To the editor:
On Jan. 26, the Court of Appeals, Cleveland, considered a suit brought against the state of Ohio by Mothers Against Drilling in Our Neighborhood intended to uphold a popular vote in their city of Broadview Heights to prevent further fracking in the city. In its 13 square miles, Broadview Heights already has 90 wells.
Broadview Heights was earlier sued over the frack well prohibition in its Community Bill of Rights, which was approved by voters. It lost in court, in part, because city lawyers failed to make an appropriate defense of the law. MADION was denied the opportunity to intervene. So they sued.
On Wednesday the plaintiffs made the same argument in their previous case, that state law preempts local law.

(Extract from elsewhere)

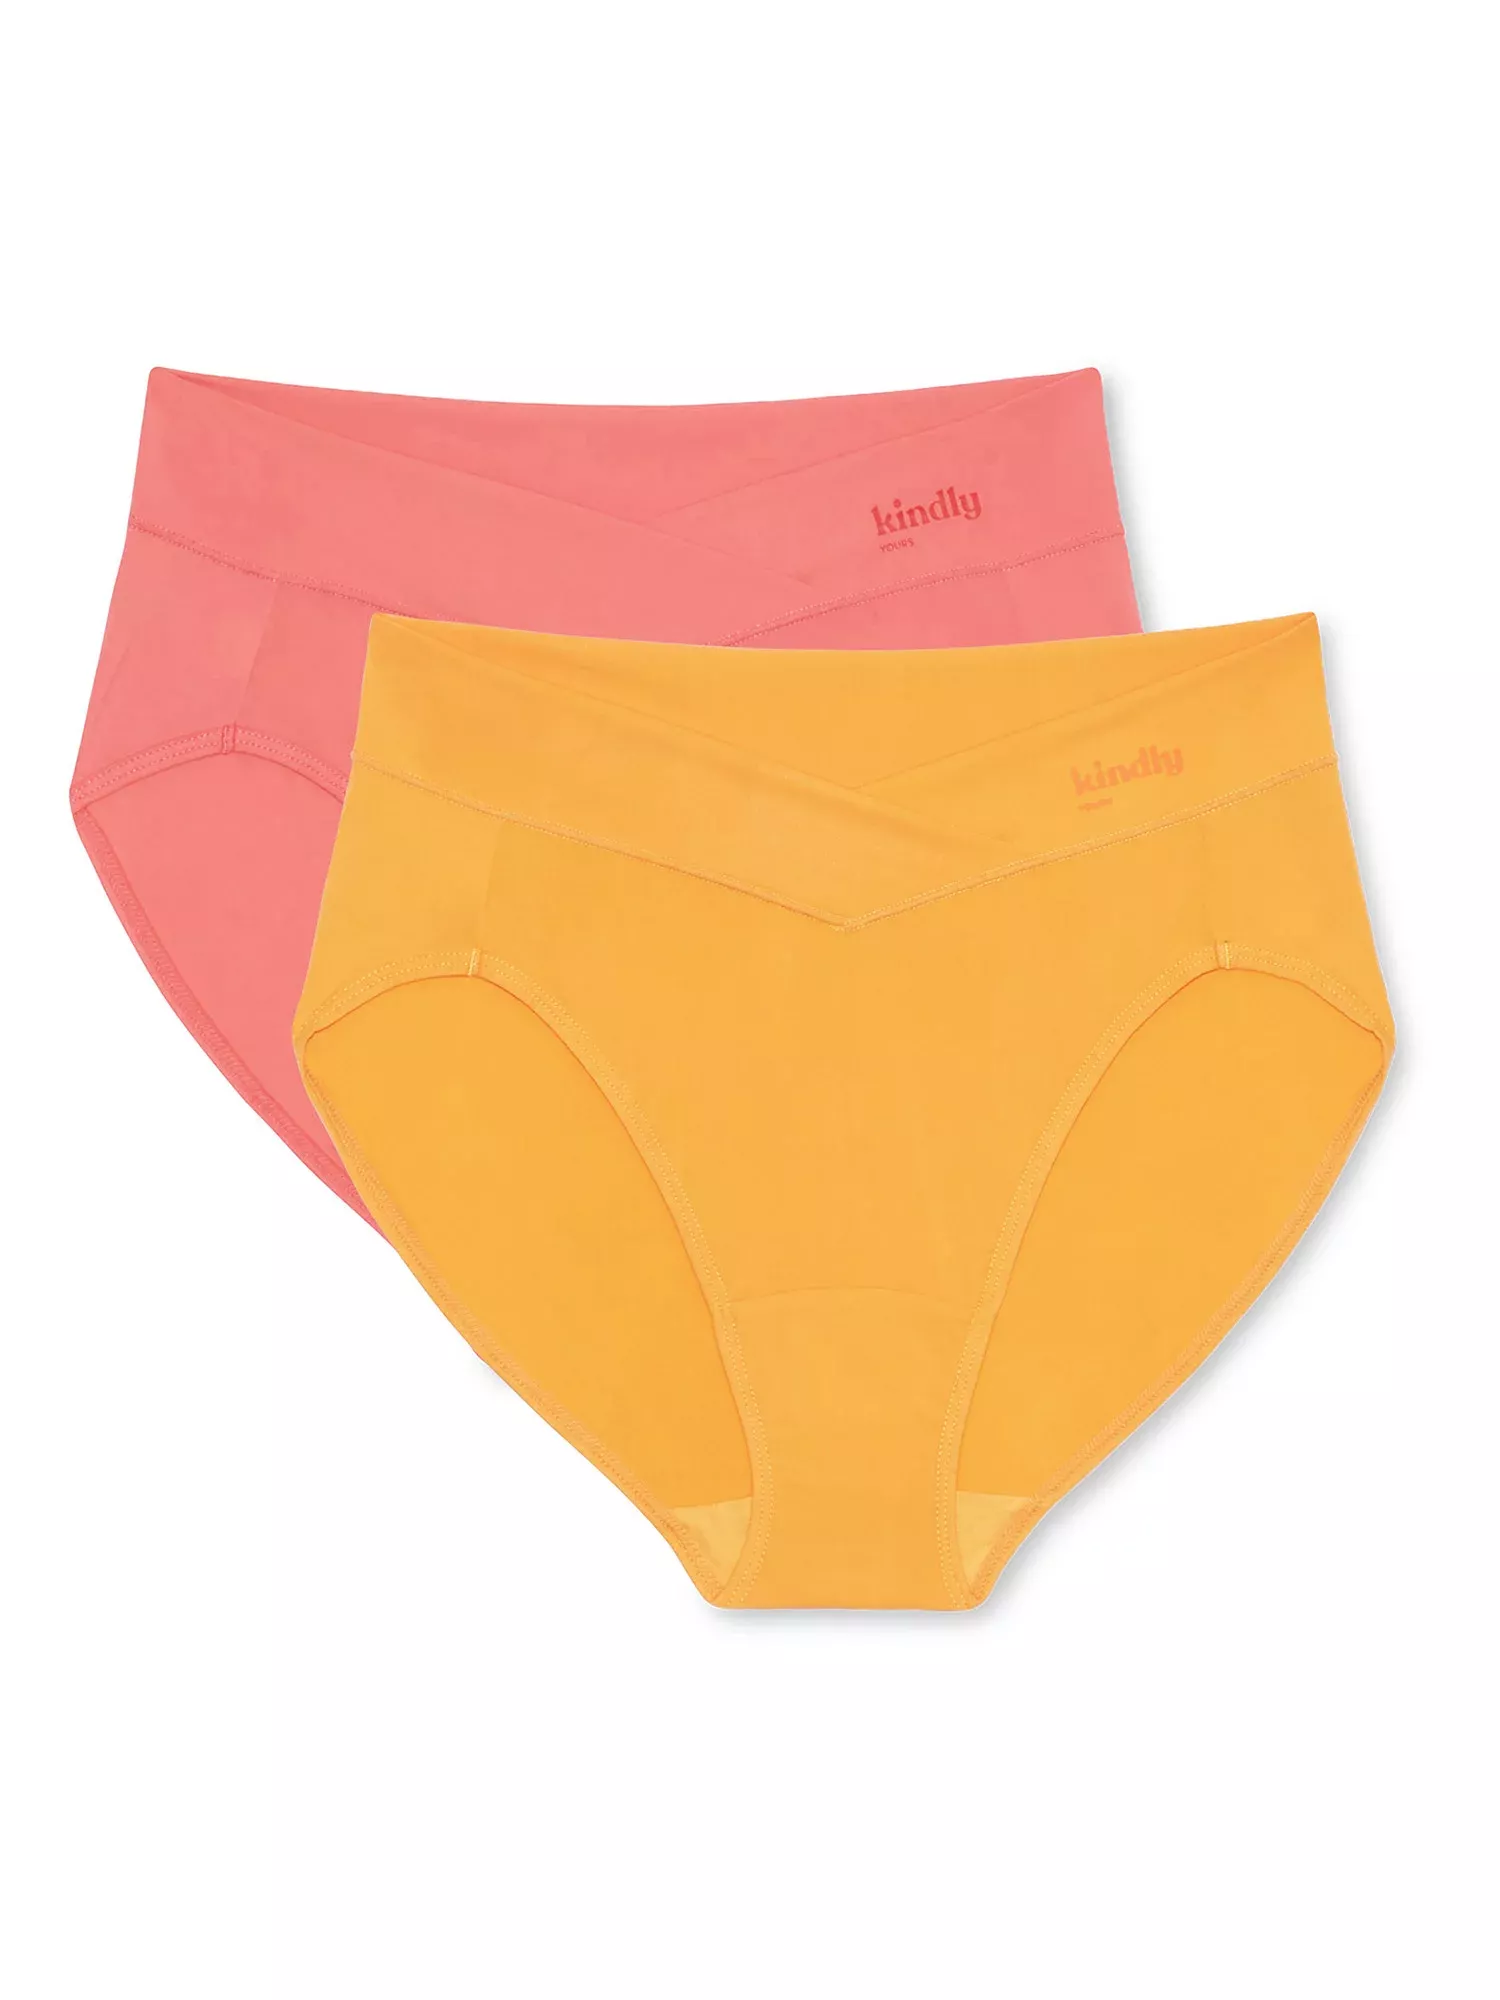  Kindly Panty For Women

But this time, the people were able to present their argument. Representing MADION, Terry Lodge argued that inalienable rights, claimed at any level, cannot be overturned by any law, federal or state, making the question of preemption irrelevant. The judges must decide if rights claimed qualify as inalienable rights.
The right claimed is the right to local community self-government, in this case, to protect citizens’ health and safety by preventing further drilling in Broadview Heights. The court must decide whether to recognize the right of communities to take local action to protect from the harms of pollution. A 4-3 Ohio Supreme Court decision prohibited Munroe Falls from using local zoning laws to impose limits to oil and gas drilling in their city, but this is the first time an Ohio court has been asked to consider this matter as a question of the fundamental right to local self-government.
In this case the court is being asked to declare the exclusive authority over drilling given to the Ohio Department of Natural Resources by the state, an unconstitutional infringement of citizen rights.
Will corporate rights to profit be found to overrule our rights to a safe and healthy environment? Or will we be able to protect ourselves against activities harmful to our health and safety?